For macOS Sierra and earlier, Apple had a dedicated FileVault Recovery Key Redirection profile payload for FileVault recovery key redirection. This profile was designed to work with a mobile device management (MDM) server, to allow the MDM server to act as a recovery key escrow service and store FileVault personal recovery keys.
Note: Jamf Pro will be used as the example MDM server in this post. However, similar functionality is available in other MDM services.
On macOS High Sierra, this FileVault Recovery Key Redirection profile payload no longer works. In its place, Apple has added new Enable Escrow Personal Recovery Key settings to the FileVault section of the existing Security profile payload.
Adding the recovery key redirection to the Security payload may cause issues in some environments, as the Security profile payload has other settings which those environments may prefer to manage separately, or not manage at all.
For those who prefer to manage FileVault recovery key redirection separately from the other settings managed by the Security payload, it is possible to create a profile (with some manual editing) which only manages FileVault recovery key redirection. For more details, see below the jump.
The first thing to do is to create a new profile (which should not be assigned to any Macs) and configure the Security profile payload with the desired recovery settings on your MDM server.
Once the profile is configured as desired, download a copy of the profile to your workstation. After downloading, the profile can be edited to include only those settings which manage the FileVault recovery key redirection. To help with figuring out the appropriate settings, I have a sample profile available below.
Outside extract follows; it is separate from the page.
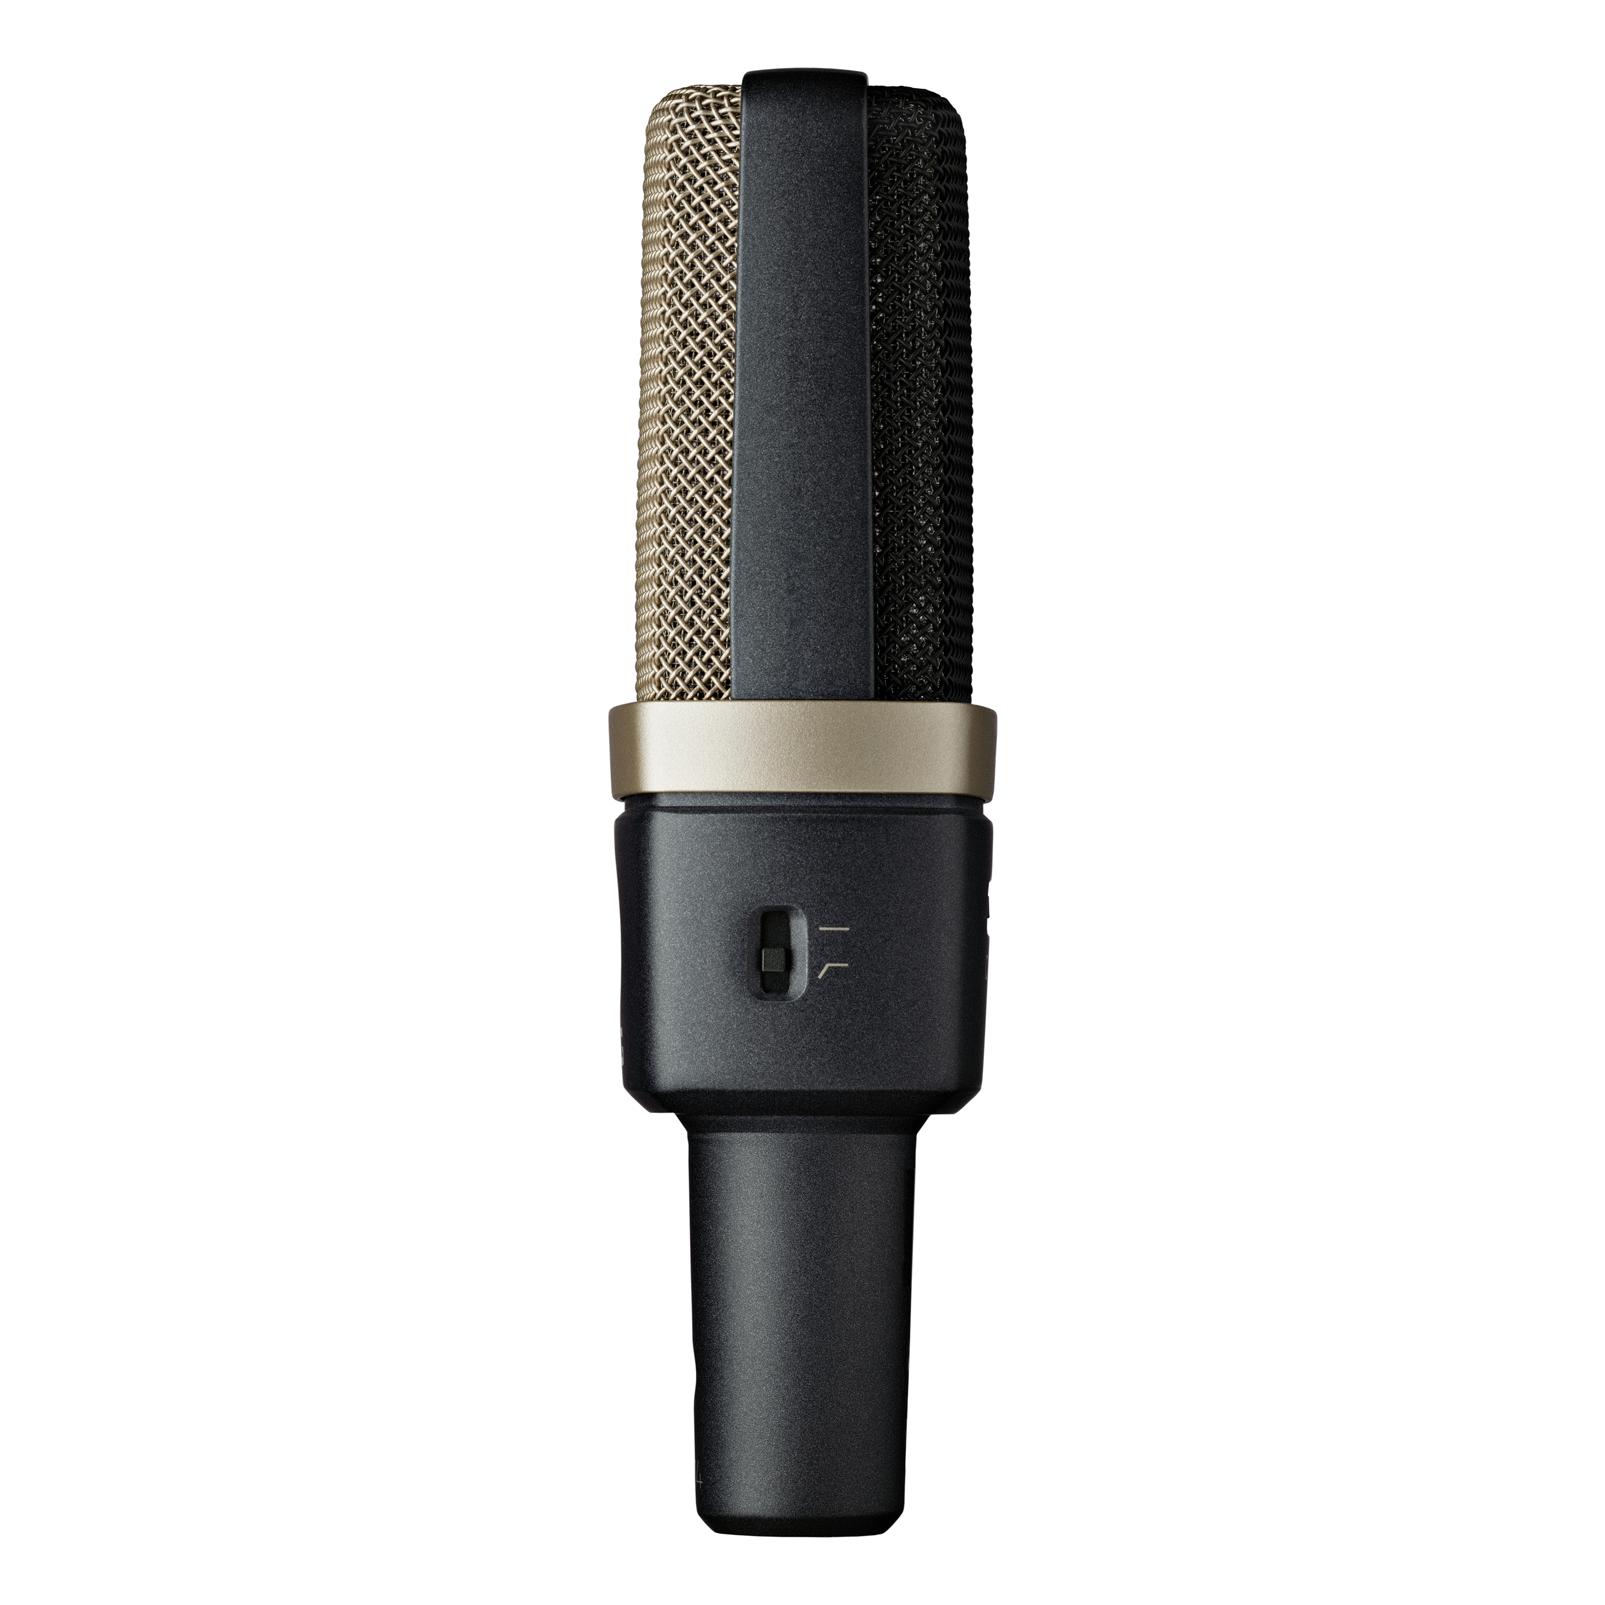 C314 Matched Pair - Black - Matched pair stereo set - Detailshot 2

Note: As currently set up, the sample profile doesn’t redirect recovery keys. It needs the relevant payload content (specifically the FileVault2Comm.cer certificate payload) from the Security profile created by your own MDM server:
Once the profile has been edited and all settings have been verified:
- Upload the profile to your MDM server
- Deploy the profile to a test Mac
- Rotate the FileVault personal recovery key on the test Mac to verify that redirection is working as desired.
To make sure that the MDM server does not try to alter the edited FileVault recovery key redirection profile, I recommend signing the profile.
Signing the profile encrypts it, which prevents the MDM from changing the profile’s contents. The MDM server can now serve out the redirection profile, but will not be able to edit it or change it in any way.